◆ SUPPLIED ENTRIES ◆
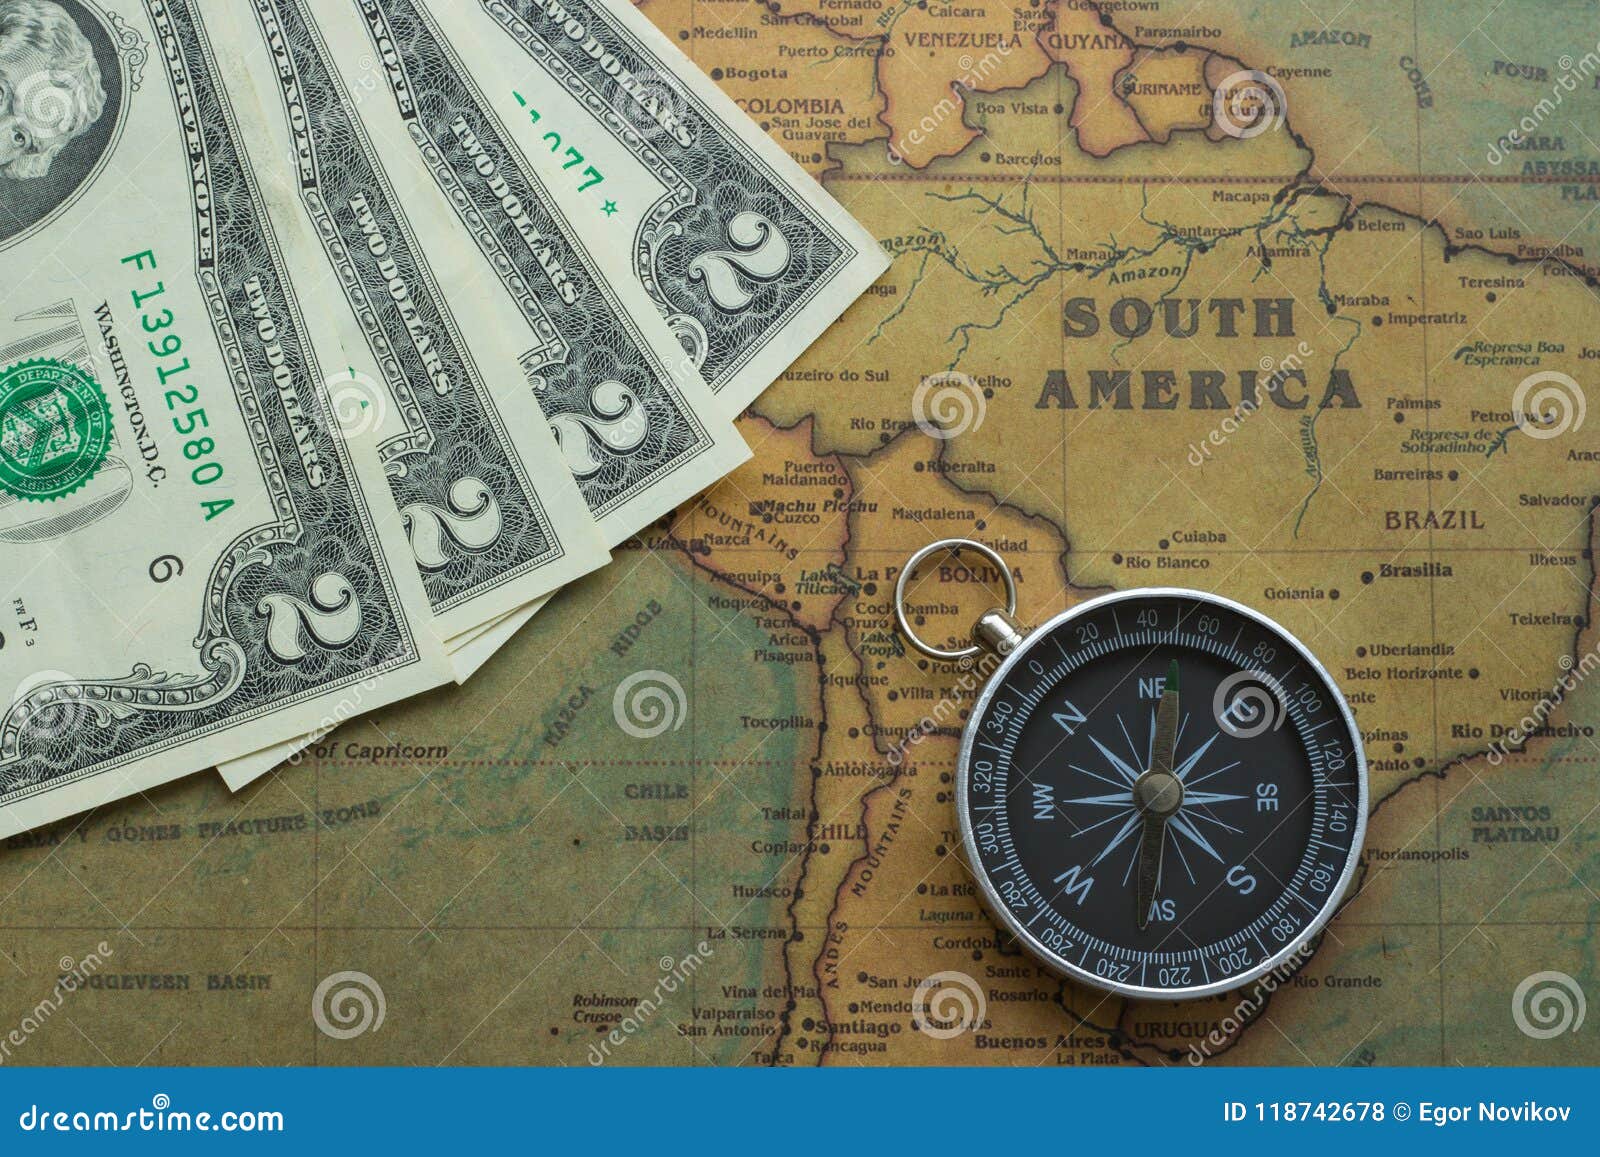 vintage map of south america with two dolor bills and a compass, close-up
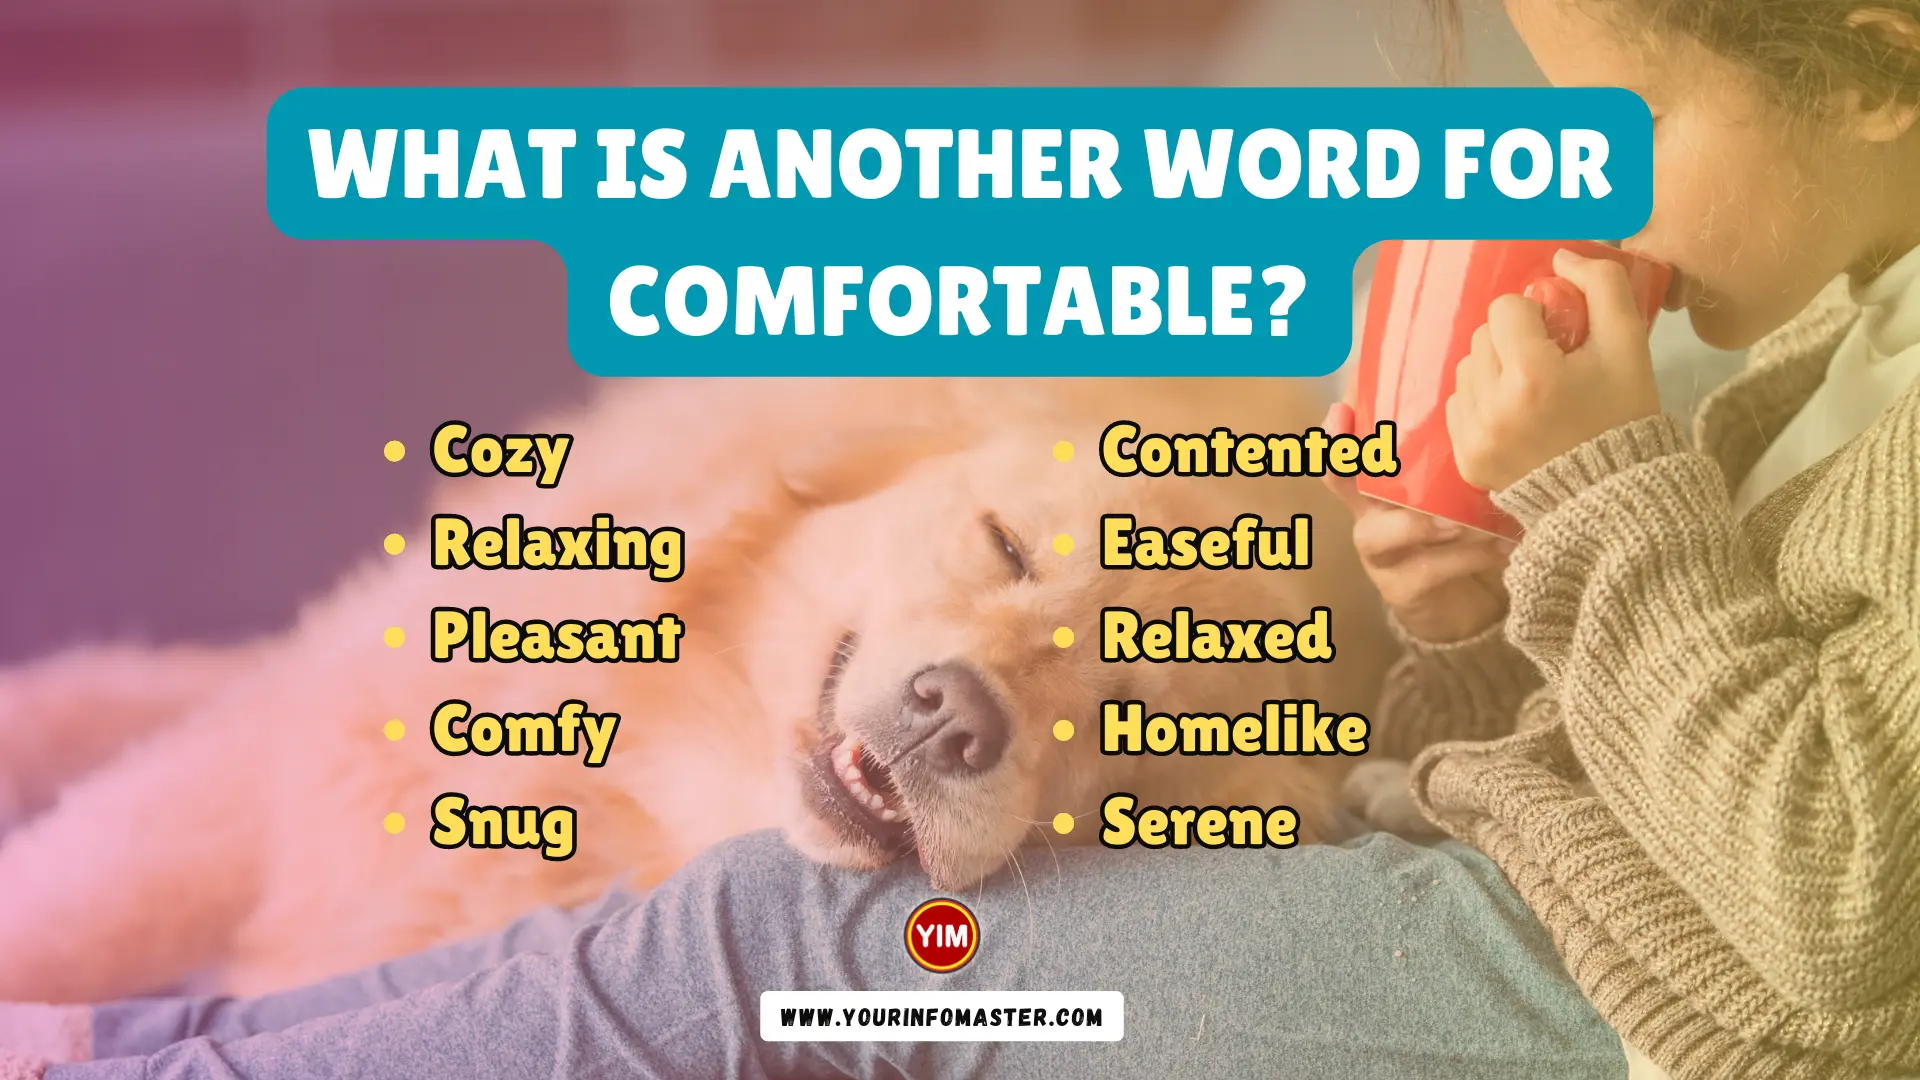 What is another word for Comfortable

--

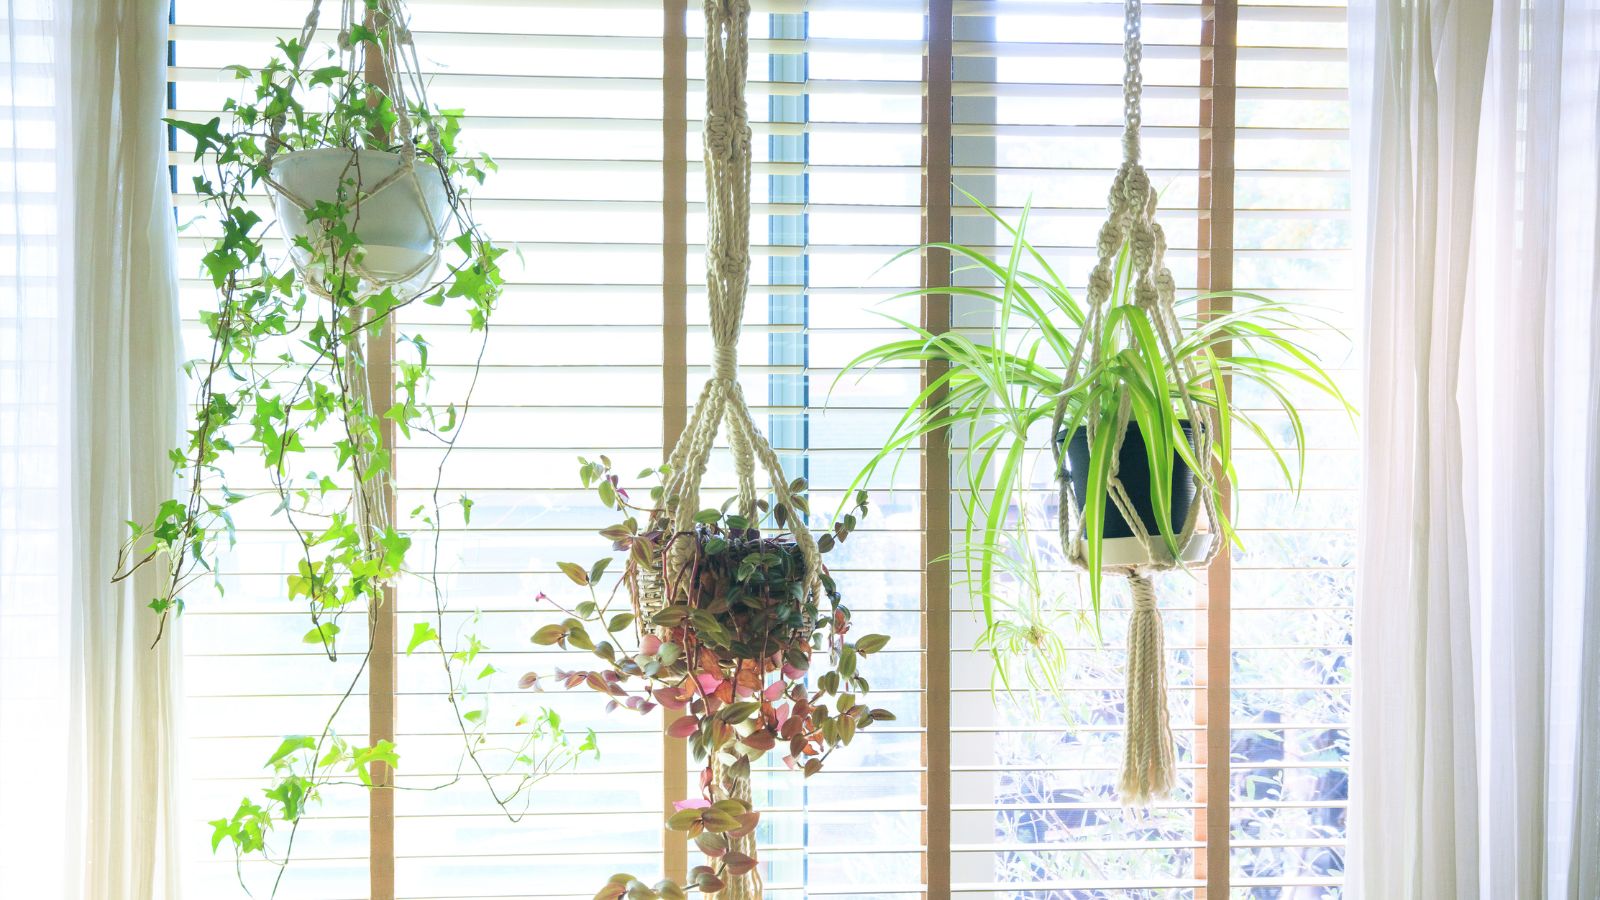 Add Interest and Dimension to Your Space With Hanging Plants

◆ TASK STATEMENT ◆
In the listing above, find the line holding "vintage map of" and the line holding "What is another word for Comfortable". Reproduce those two lines and all between them exactly, leaving out pictures.

◆ ANSWER SECTION ◆
 vintage map of south america with two dolor bills and a compass, close-up
 What is another word for Comfortable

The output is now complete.